New York Review of Books Reads The Guantanamo Lawyers

David Cole’s article “What to Do About Guantánamo?“, appearing now in the New York Review of Books, draws much of its insight from our groundbreaking book, The Guantanamo Lawyers, edited by Mark Denbeaux and Jonathan Hafetz.

The Guantánamo Lawyers: Inside a Prison Outside the Law, a collective account by the lawyers who have volunteered to represent the island’s prisoners, provides an invaluable perspective—or more accurately, perspectives, since more than one hundred lawyers contributed to the volume. These men and women, all working for nothing, have gained intimate access to those whom the United States sought to keep hidden behind strictly closed doors. The significance of what they have learned is reflected in how the United States treats them. They must obtain security clearances and be sworn to secrecy in order to see the detainees. The notes they take while meeting with their clients are deemed presumptively “classified,” and are subjected to official review and editing—”redaction”—before the lawyers can read them off the base. And they are barred from informing the detainees of any events occurring in the outside world without prior approval. One lawyer was reprimanded for showing a client a news clipping reporting that President Bush wanted to close Guantánamo, another for telling her client that his mother had died.

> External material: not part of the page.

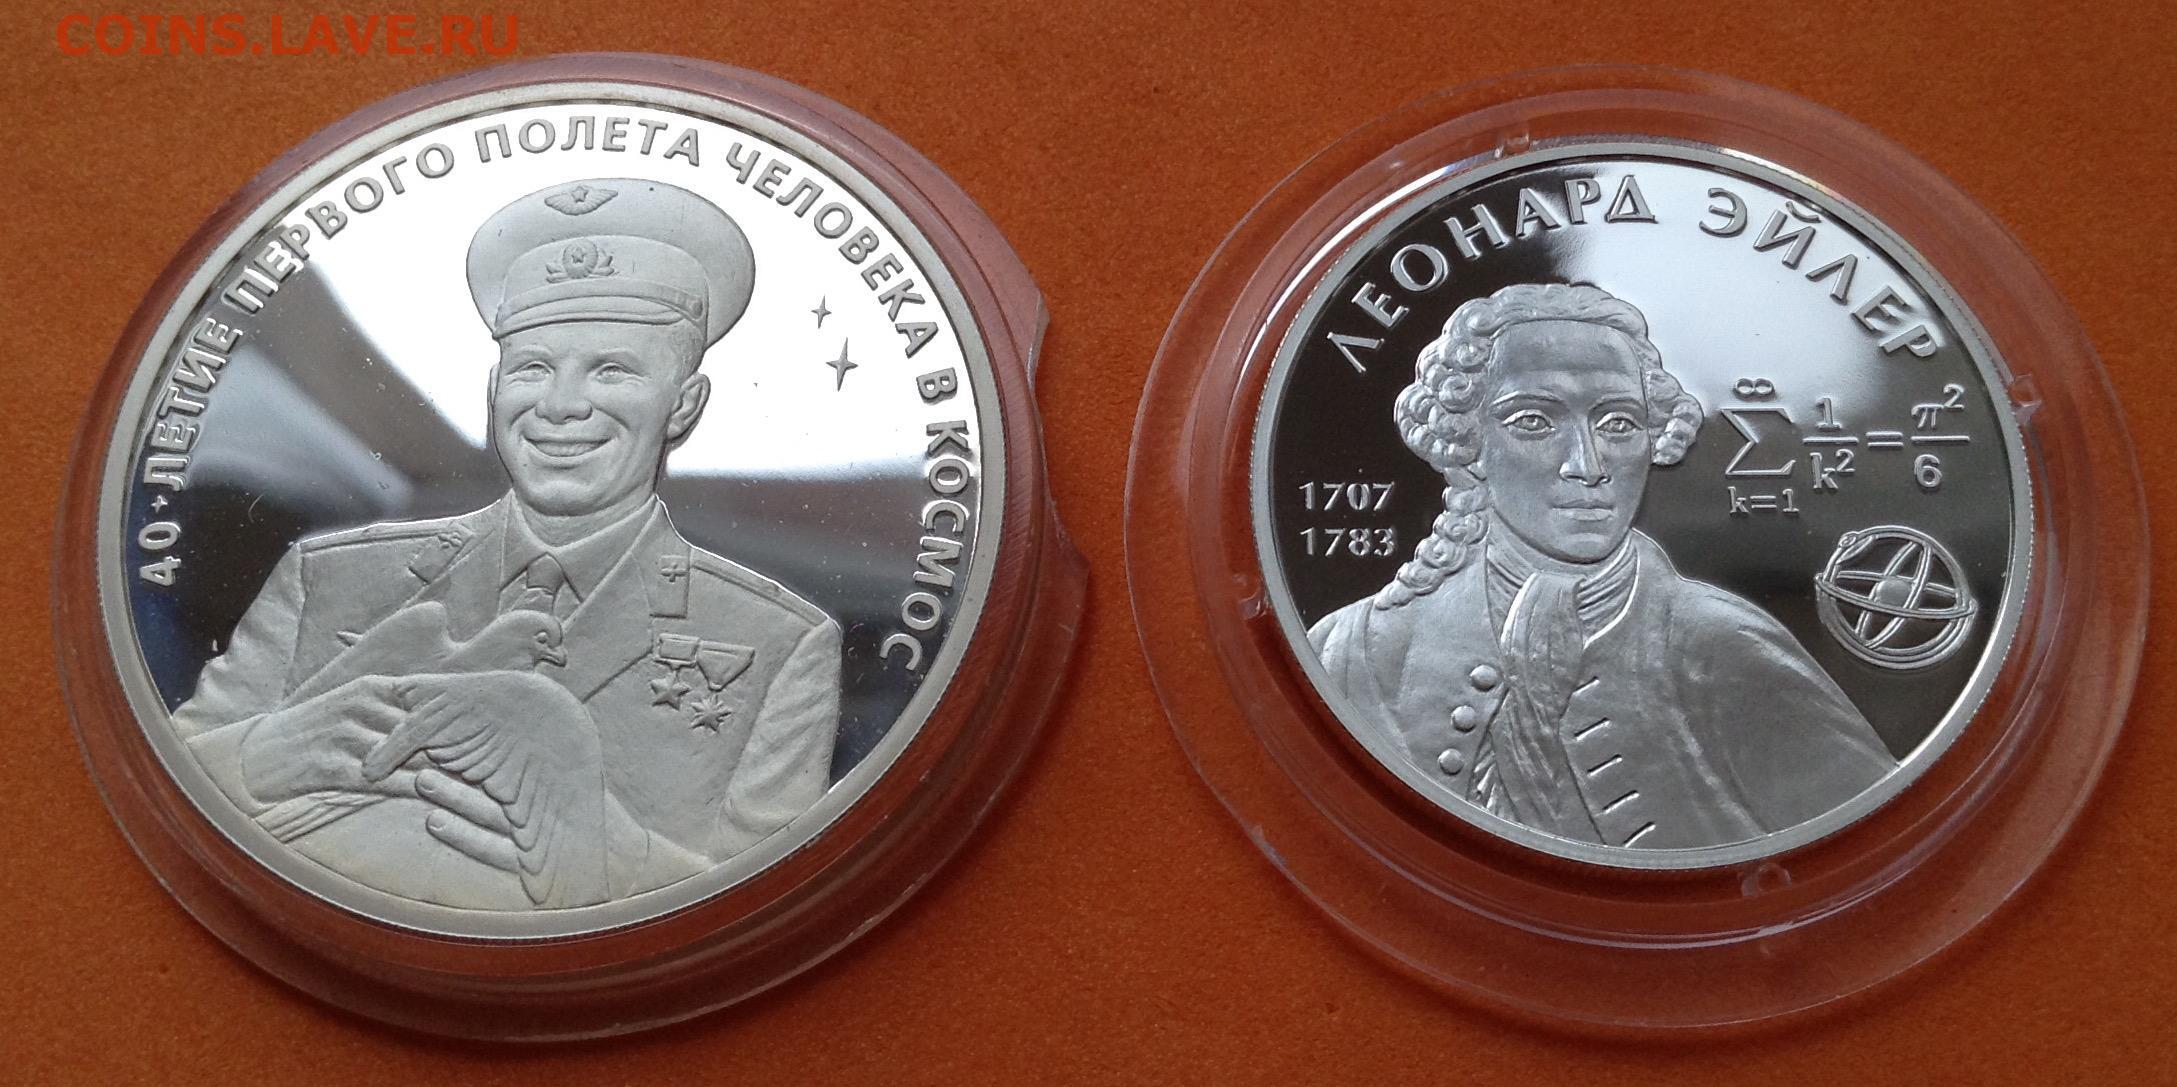 Оценка серебряных монет новый выпуск 10 рублей

The stories these lawyers have been able to tell, adroitly edited by Mark Denbeaux and Jonathan Hafetz, offer a multifaceted portrait of life on the base. Sometimes they read as farce. Clive Stafford Smith, a British lawyer who has represented many detainees, was accused by a Guantá- namo commander of smuggling “Under Armor briefs”—i.e., underpants—and a Speedo swimsuit to two of his clients. Smith responded in a letter that he had not sought to bring underwear to his clients; that he could not have done so even if he wanted to, since every visit is preceded by a thorough search and monitored by camera; and that as he and his cocounsel had not even seen one of the clients for a year, “it is physically impossible for us to have delivered anything to him that recently surfaced on his person.” But Smith was “unwilling to allow the issue of underwear to drop there,” and continued…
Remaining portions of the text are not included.